Supervisor Aaron Peskin will present a resolution to the Board of Supervisors today calling for the City Attorney’s office to weigh in on a controversial tenant’s rights case currently on its way to the California Supreme Court. The outcome of the case, Action Apartment Association vs. City of Santa Monica, could potentially make wrongful eviction lawsuits far more difficult, opening the door for landlords to harass, threaten, and evict tenants without providing them legal recourse. Peskin’s resolution represents an important front on the battle to ensure the court rules on the side of the tenants and protects renter’s rights both here and throughout the state.

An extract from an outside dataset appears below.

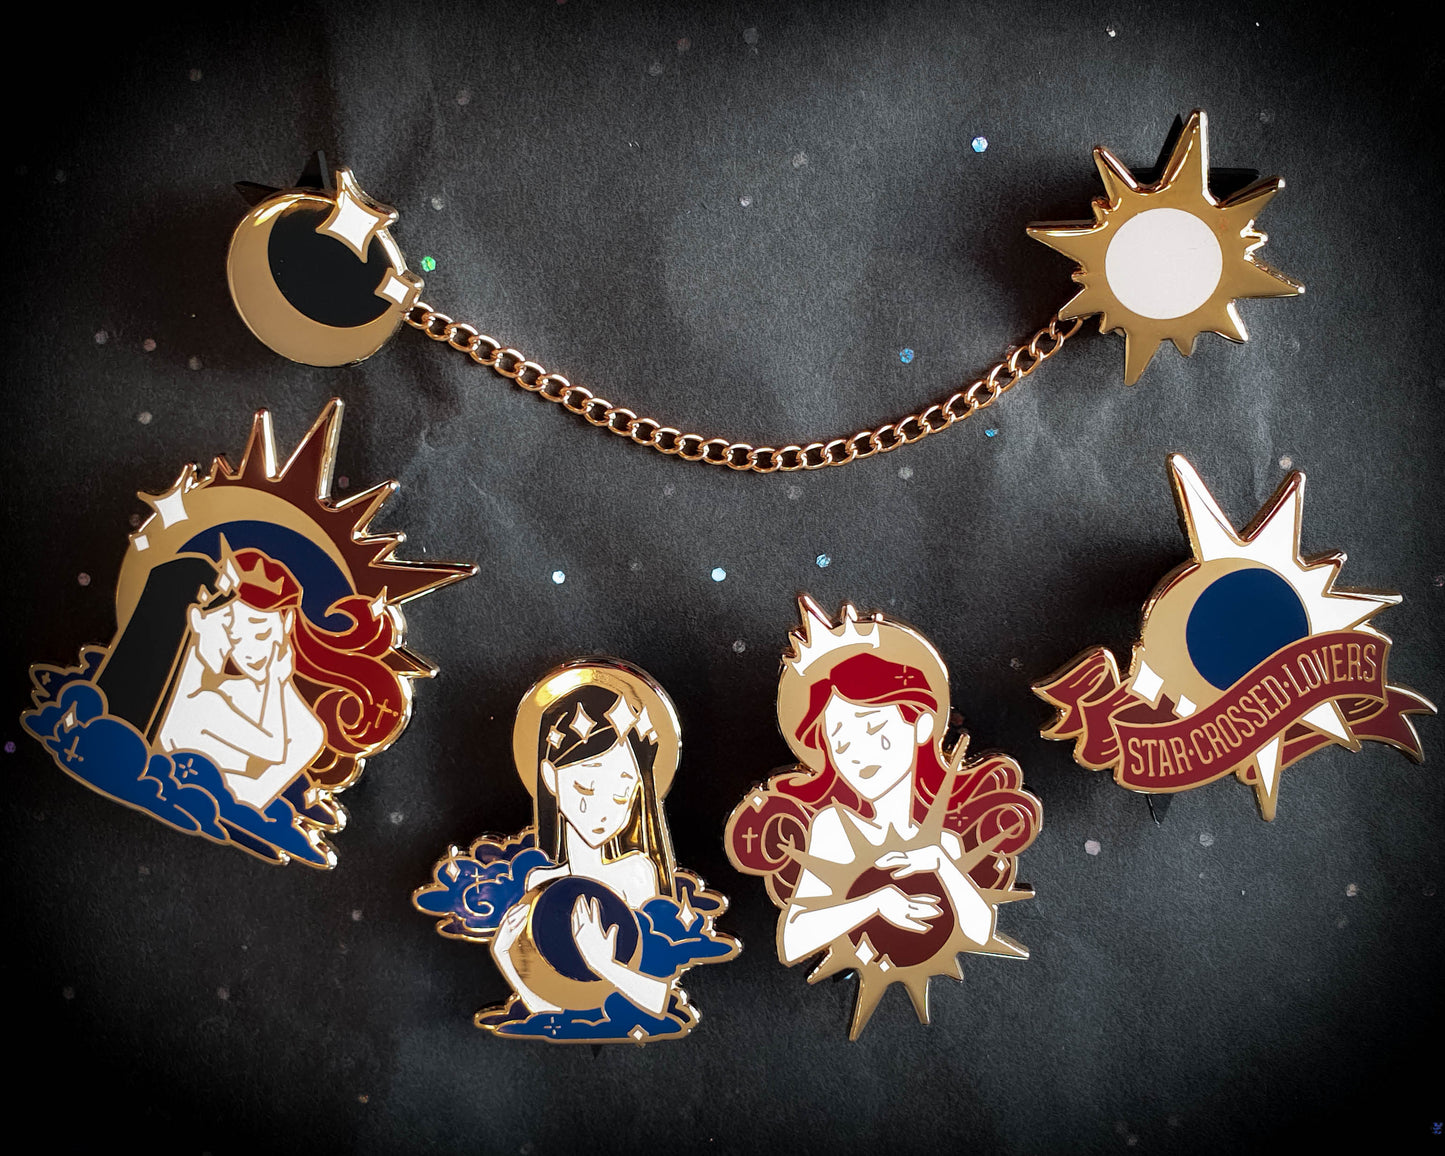 The Sun - Hard Enamel Pin - Star-crossed Lovers (Collaboration by Astermorn and Annadrawsstuff)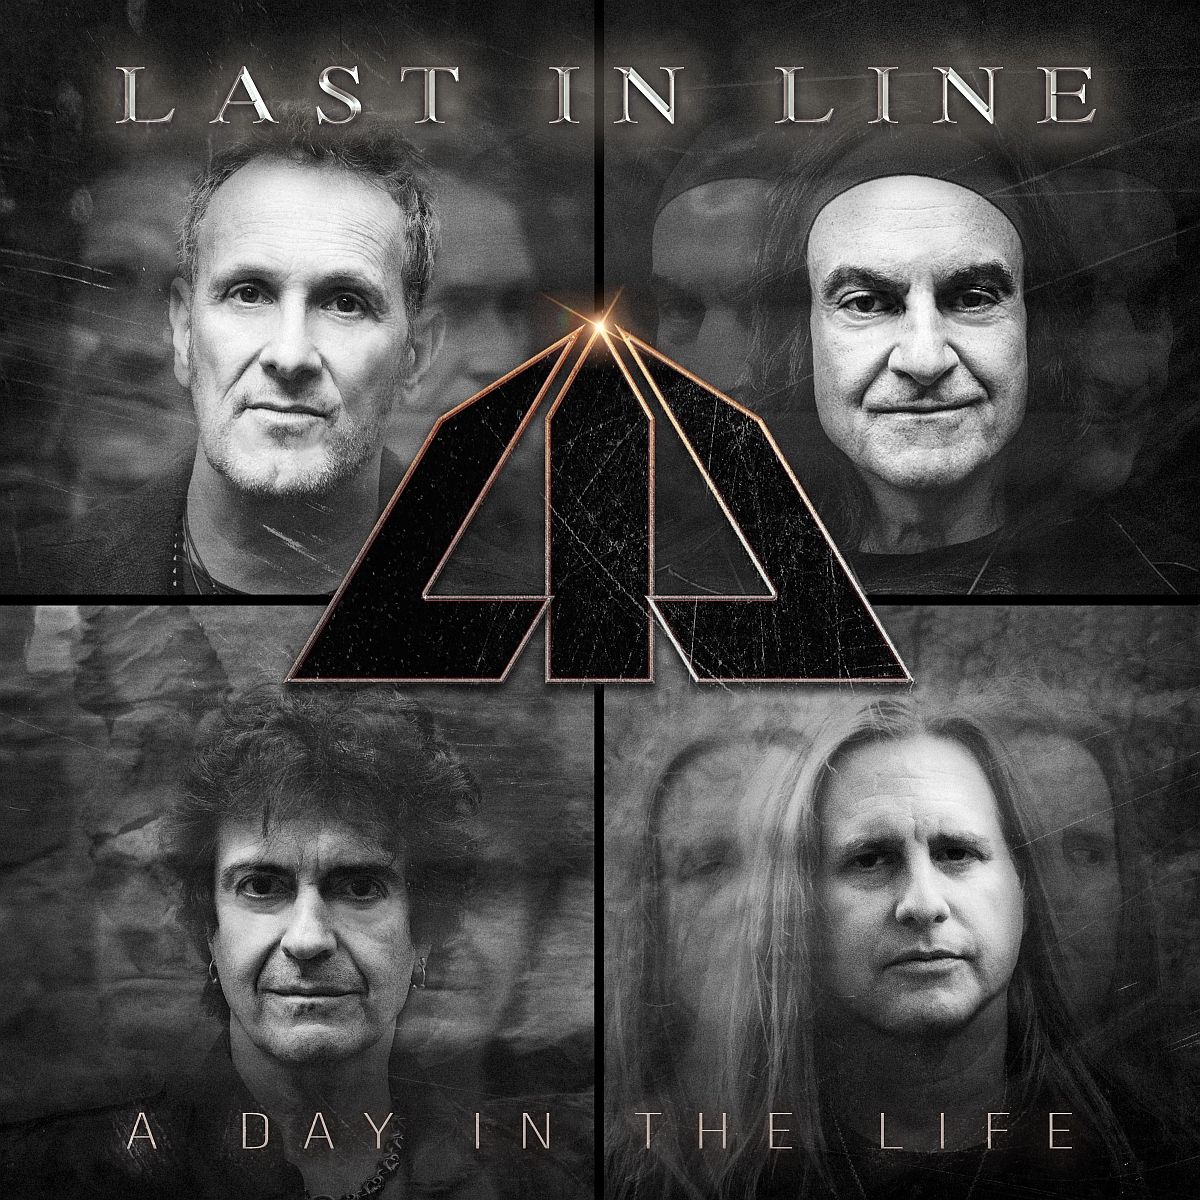 'A Day In The Life'-Musikvideo ist online

Action Apartment Association vs. City of Santa Monica began when Santa Monica passed legislation barring landlords from harassing tenants, including providing them with eviction notices of dubious legality. Landlords promptly assaulted the legislation, claiming it void because it fell under the category of ‘litigation privilege.’
Litigation privilege essentially means that you can’t sue someone for suing you. Developed to prevent back and forth volleys of derivative litigation ad infinitum, the category has been greatly expanded in recent years, and now threatens to move its way into a vital area of tenant/landlord law.
Initially, the Superior Court upheld Santa Monica’s anti-harassment law. But the Court of Appeals overturned this decision. Should the Supreme Court uphold this ruling, it could set the stage for a severe erosion of tenants’ rights.
Most importantly, upholding the ruling would place major restrictions on tenants being able to sue for wrongful eviction. For example, landlords would be free to present tenants with eviction notices claiming the landlord wants to move into their unit. Under the Court of Appeals decision, even if the landlord had no intention of moving into the unit when they served the notice, tenants would be handcuffed from suing for wrongful eviction.
“It’s carte blanche for illegal evictions,” said tenant’s rights attorney Steve Collier. “If you can’t sue for wrongful evictions, you’re encouraging landlords to give illegal or wrongful evictions, because they get the windfall of the vacant unit if they succeed.”
Tenants’ Union head Ted Gullicksen agrees, dubbing the Court of Appeals decision, “another example of the courts trampling on tenants rights.”
“Most cities tenant and consumer groups have come out strongly against the court of appeals decision,” Gullicksen added.
Now, as the case heads to the Supreme Court, Peskin hopes a brief from the San Francisco City Attorney’s office in support of Santa Monica could help the tenants’ case. Because our city has a law on the books similarly to Santa Monica’s contested legislation, the city attorney here could write a brief defending local legislation that would serve as an argument against the Court of Appeals decision in the Supreme Court.
“What we’re hoping to do with the request is get the city attorney to file an amicus brief,” said Peskin legislative aide David Owen. “We want to bring this case to his attention and let him know a majority – maybe even a supermajority – of the Board of Supervisors would support his taking a position.”
Tenant advocates support Peskin’s request, seeing the stakes as incredibly high and any potential attempt at influencing the result towards the tenants as worthwhile. Should the Supreme Court rule in favor of the recent Court of Appeals decision, they agree, the statewide ramifications could be disastrous.
“We’re hoping the Supreme Court will do the right thing,” said Collier. “But think it’s very important that the city does this.”